- About this exercise -
Omit all pictures, then repeat the listing exactly.

** Information shown follows **

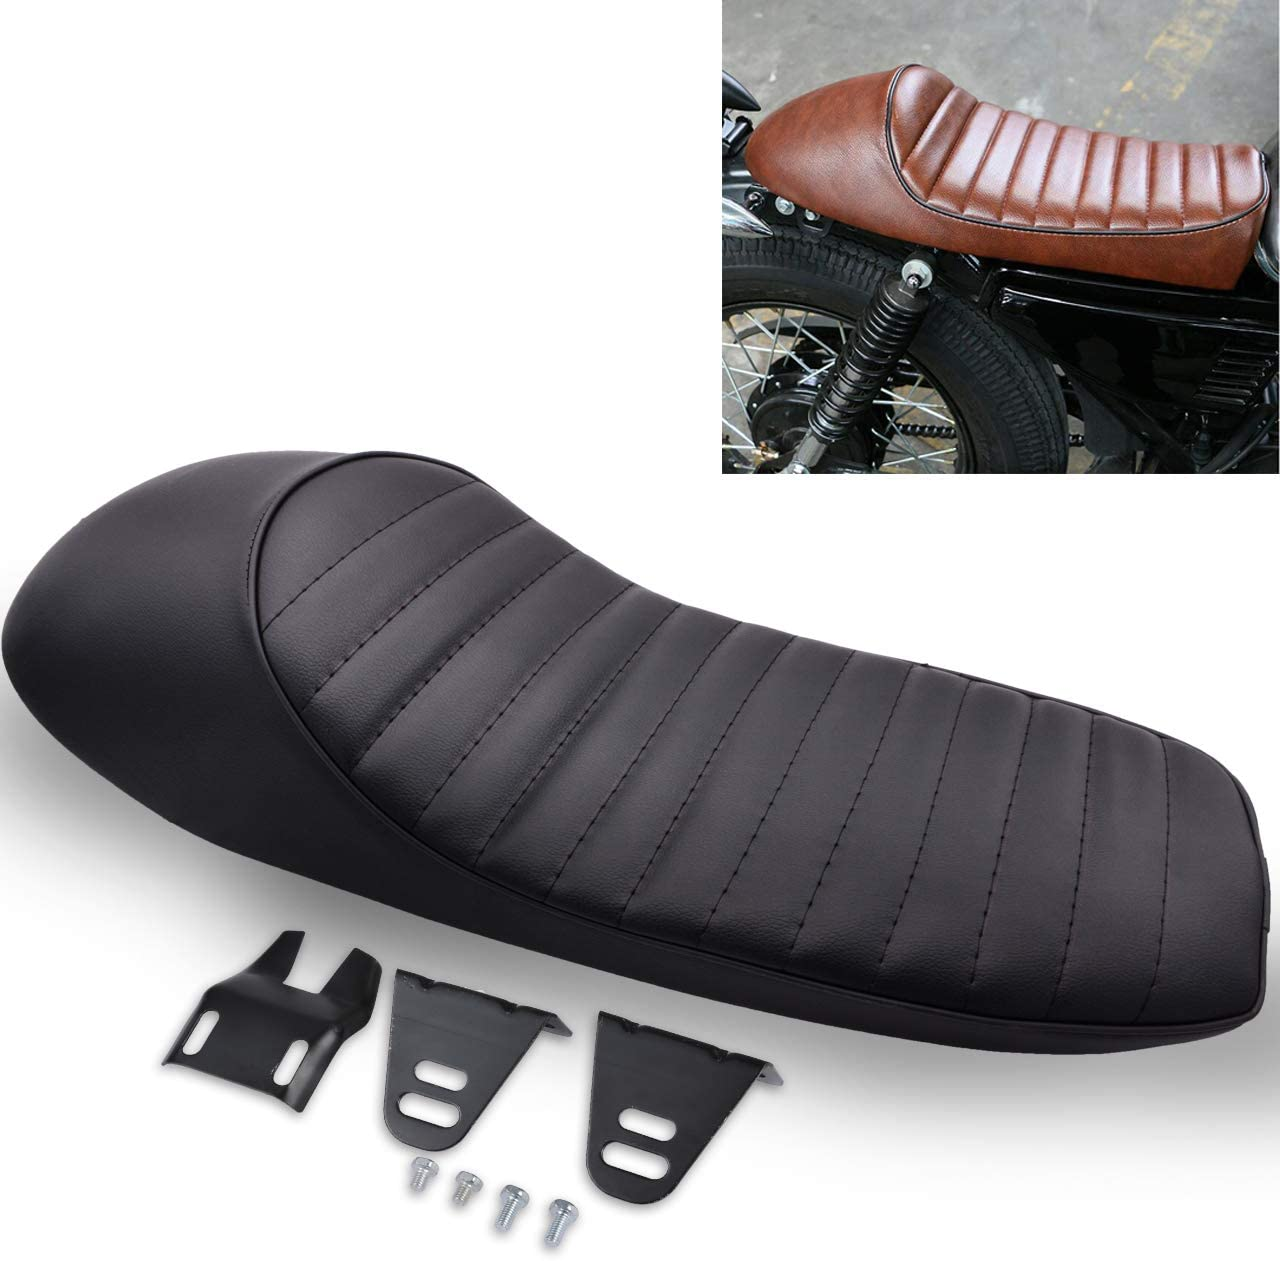 Katur Motorrad Cafe Racer Sitz Hump 24 5 Vintage Sattel Sitze Für Honda Cb Gb Gl Cbr Suzuki Gs Yamaha Xj Xj550 Xt500 Xs650 Sr500 Rd40 Auto
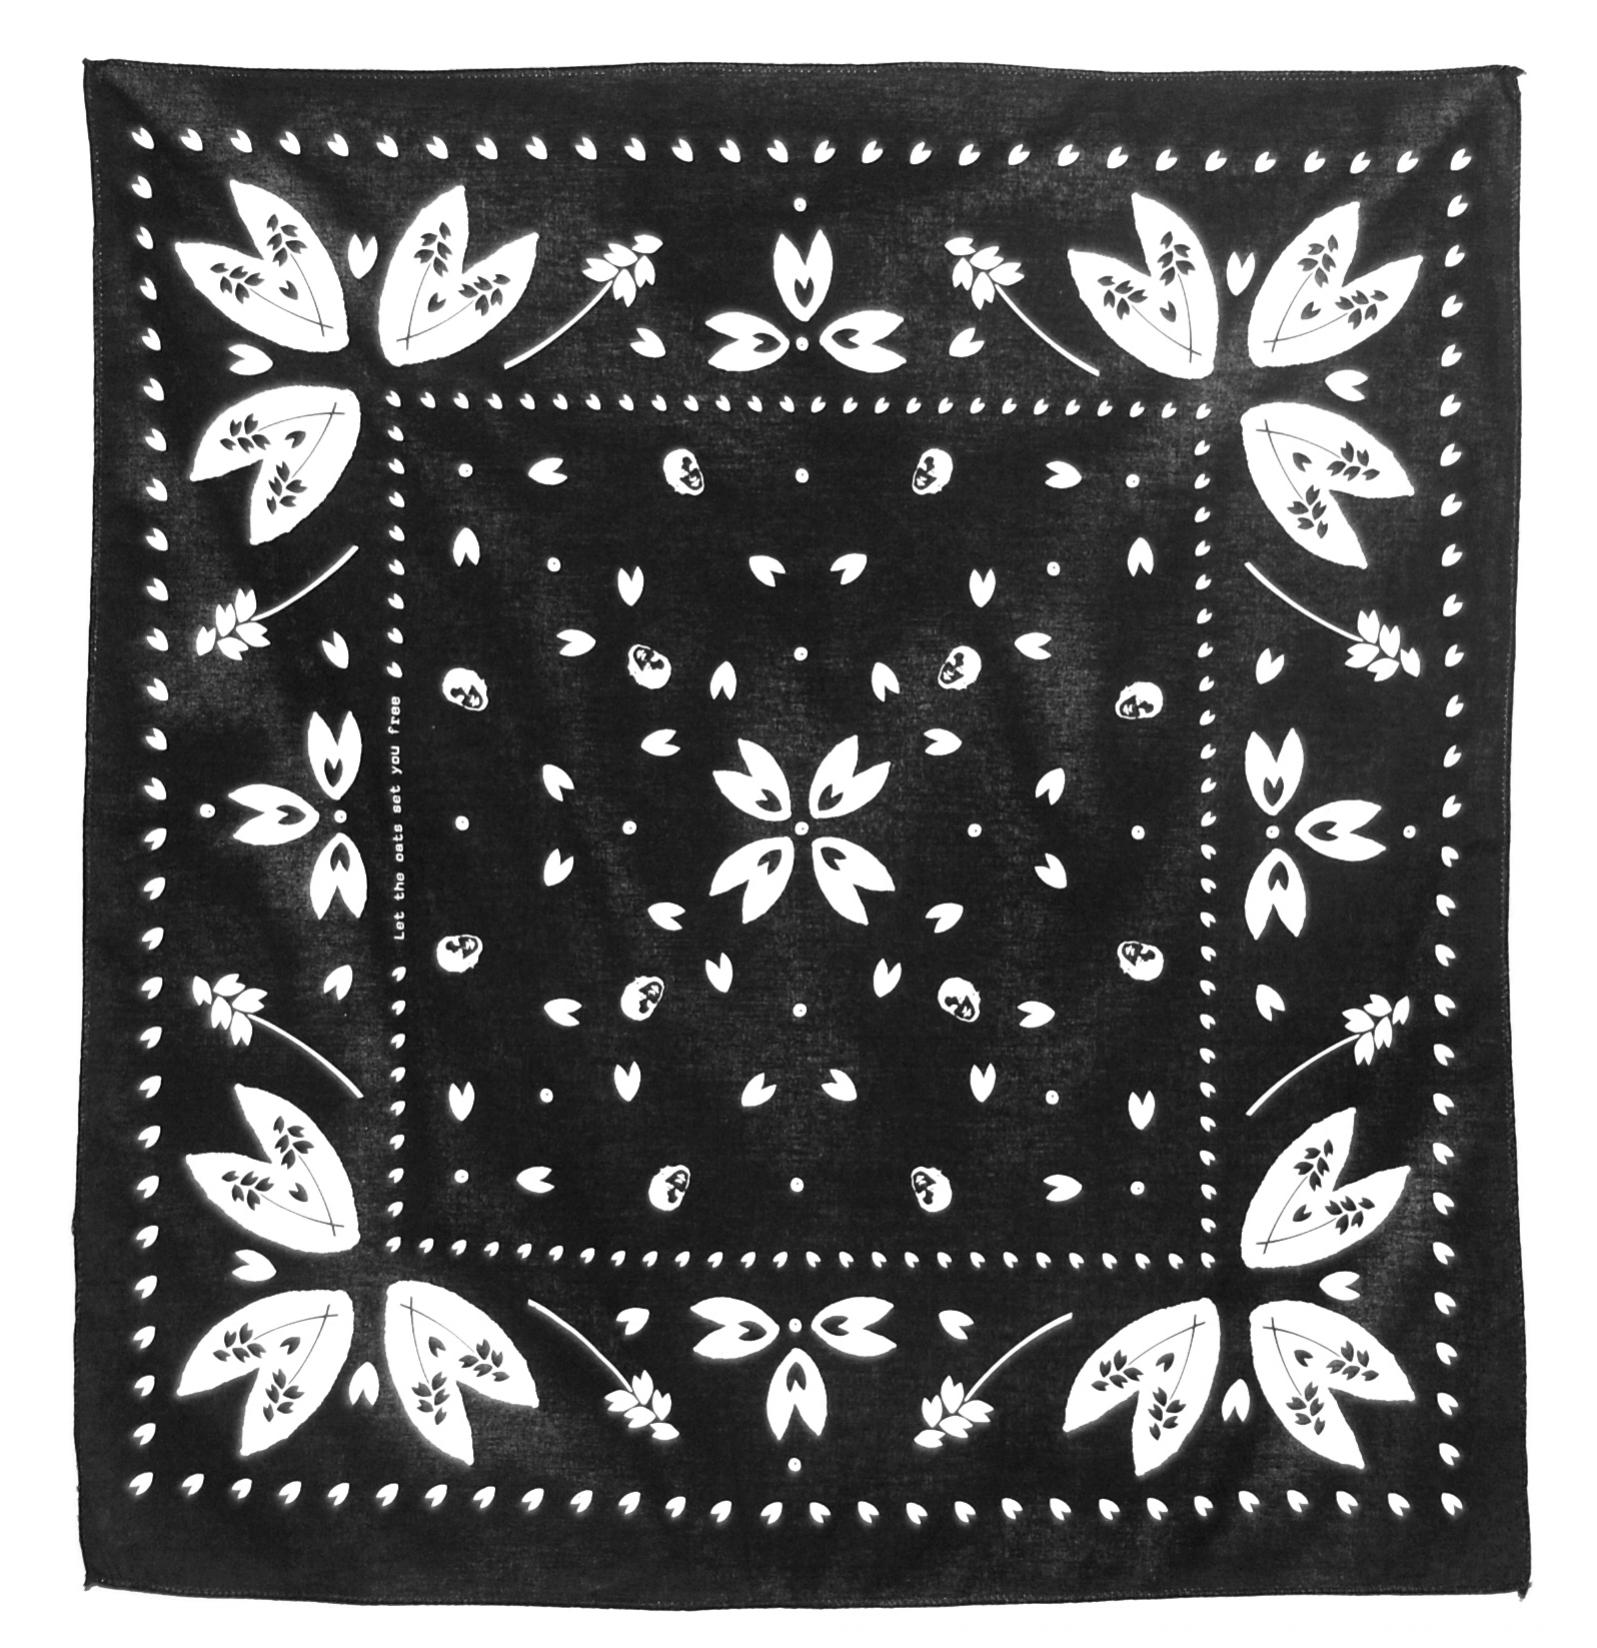 bandana-wall-crop.jpg
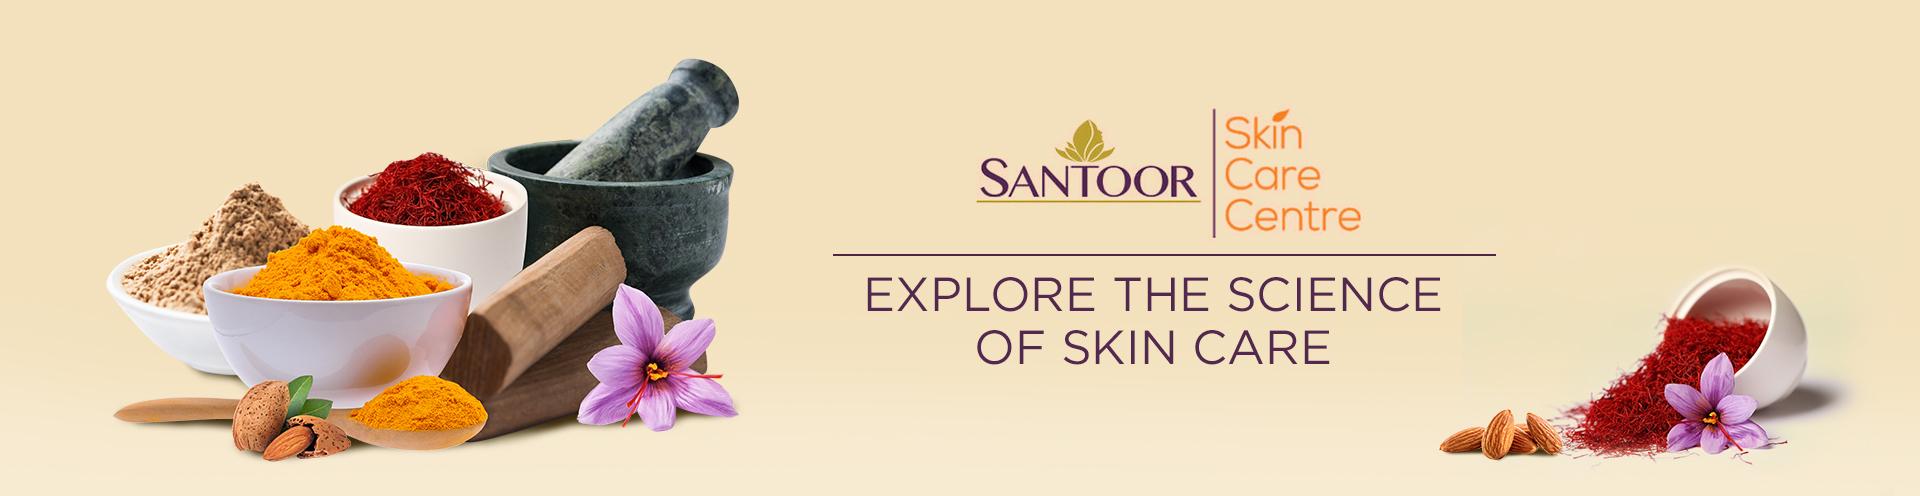 Santoor Skincare Centre
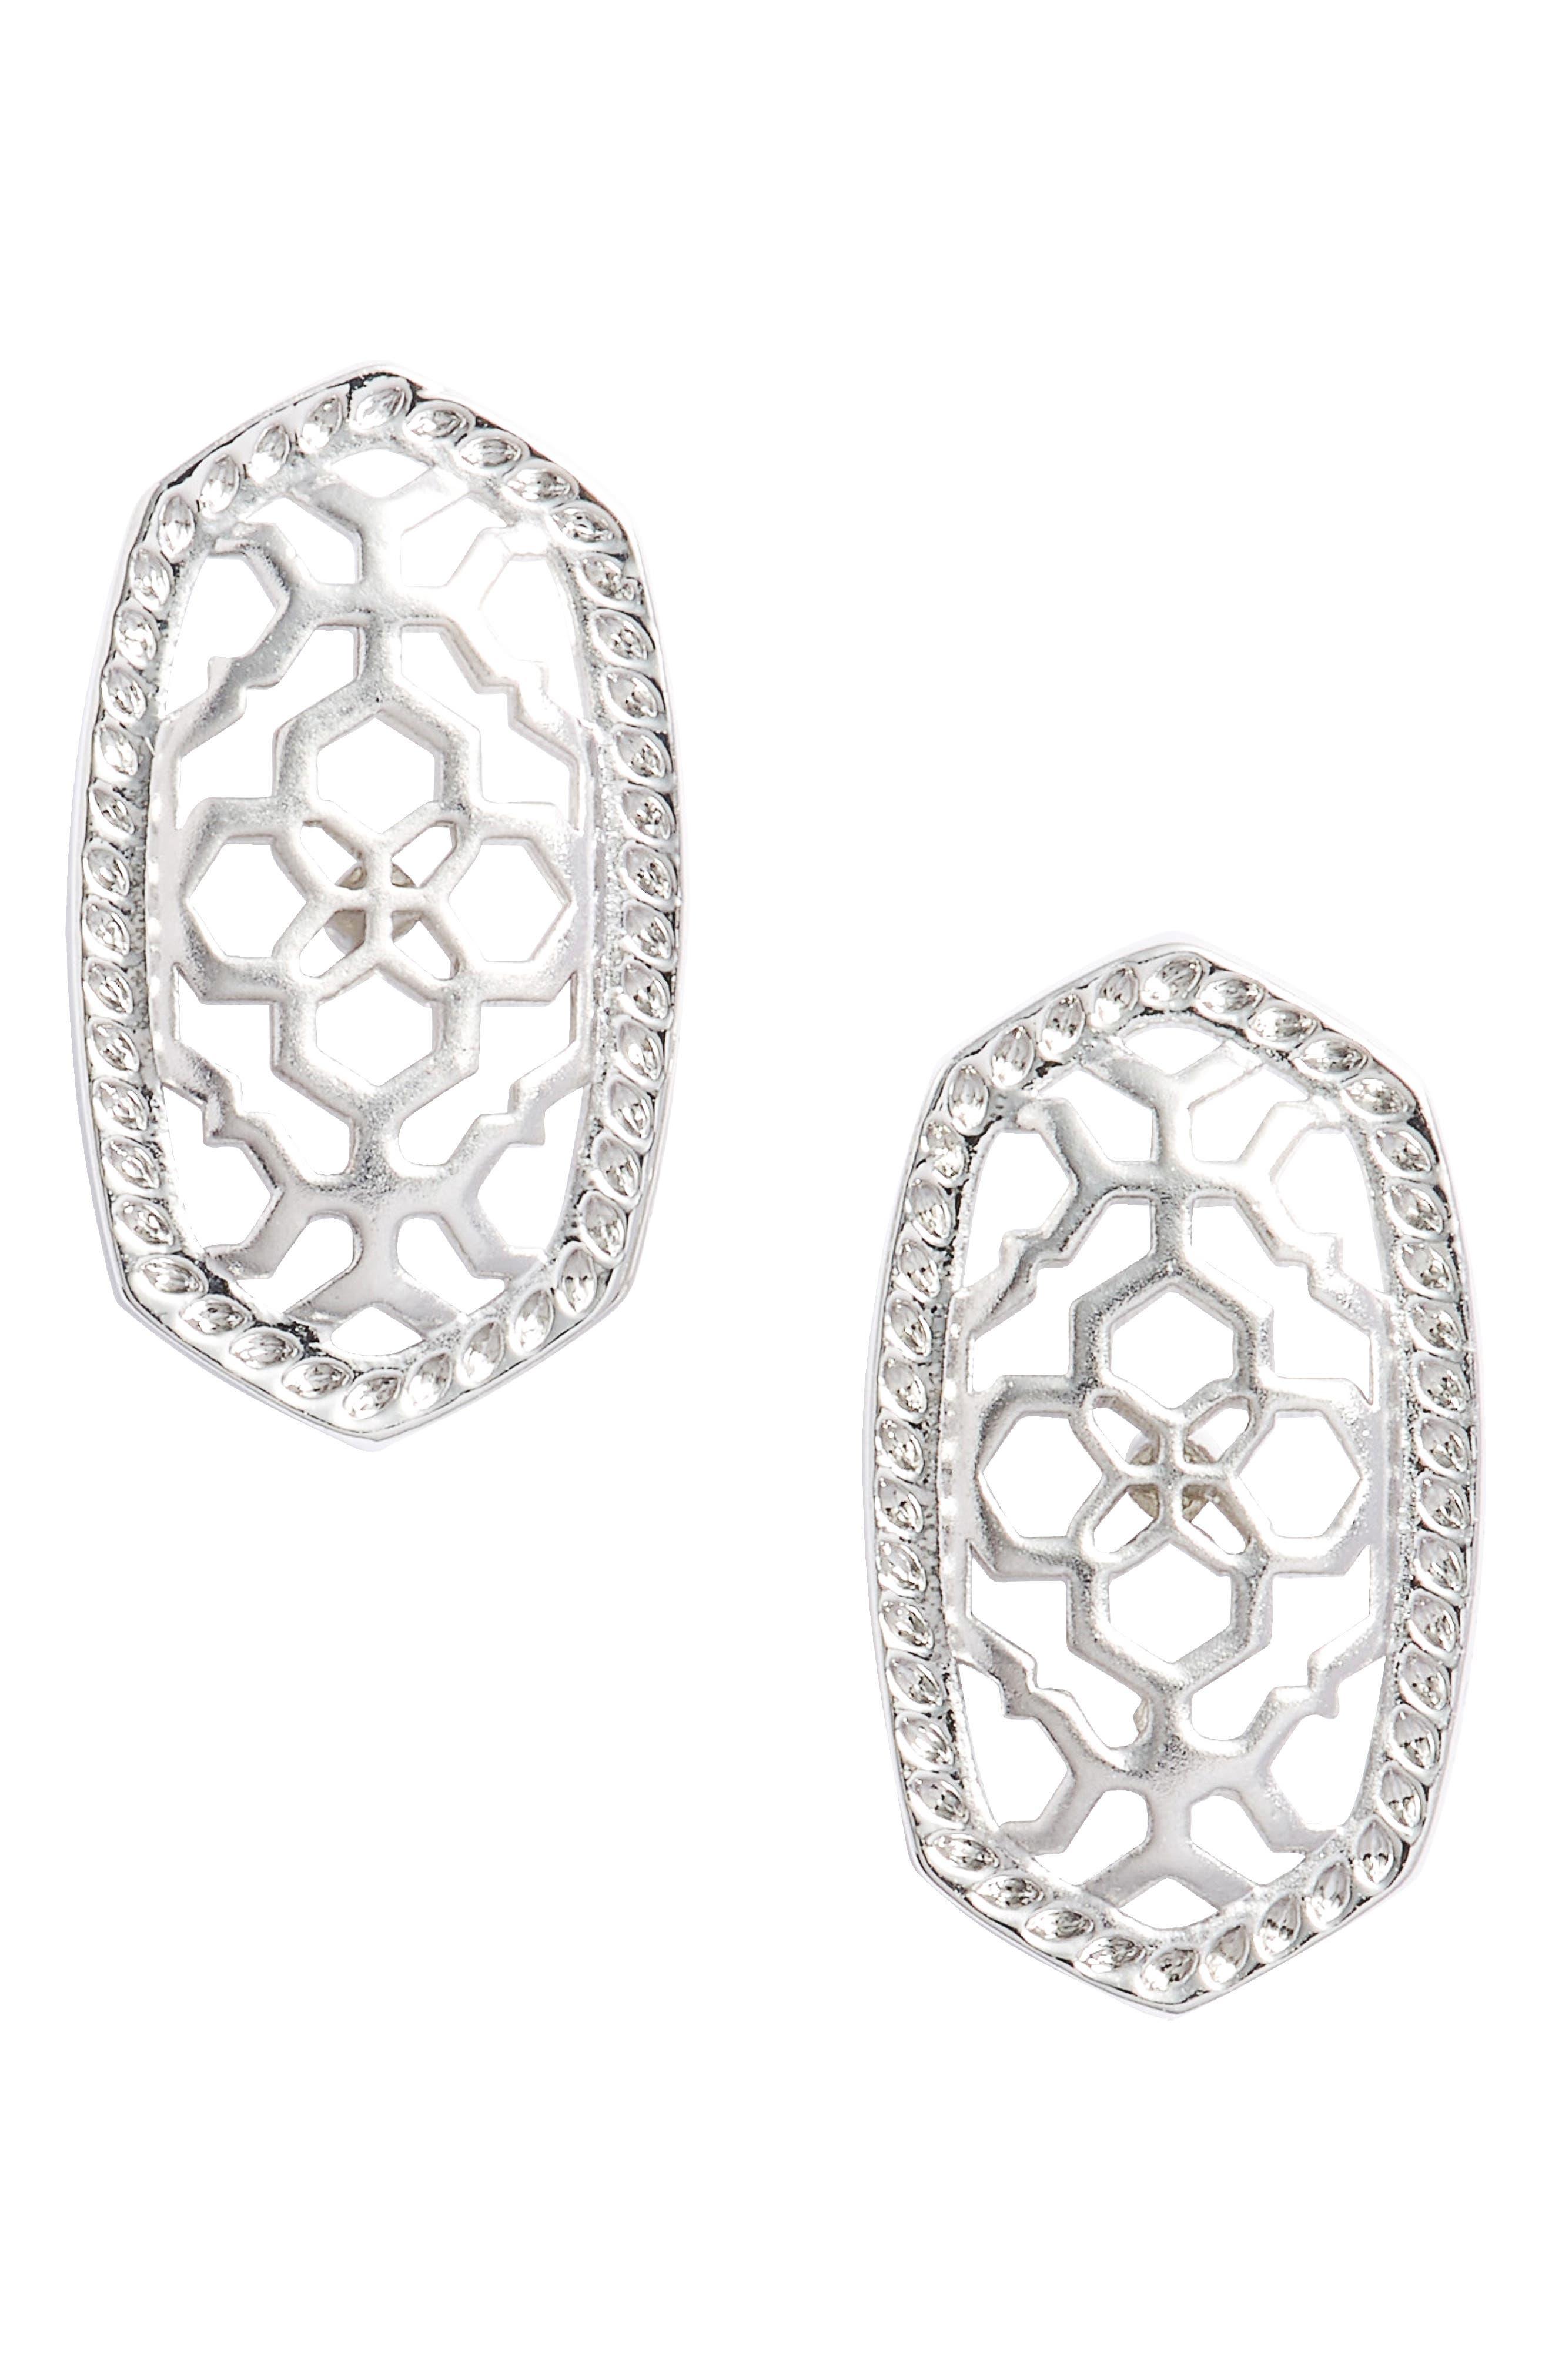 Ellie Oval Stud Earrings,                         Main,                         color, Silver

** End of Information shown **

- Solution to this task -
 Katur Motorrad Cafe Racer Sitz Hump 24 5 Vintage Sattel Sitze Für Honda Cb Gb Gl Cbr Suzuki Gs Yamaha Xj Xj550 Xt500 Xs650 Sr500 Rd40 Auto
 bandana-wall-crop.jpg
 Santoor Skincare Centre
 Ellie Oval Stud Earrings,                         Main,                         color, Silver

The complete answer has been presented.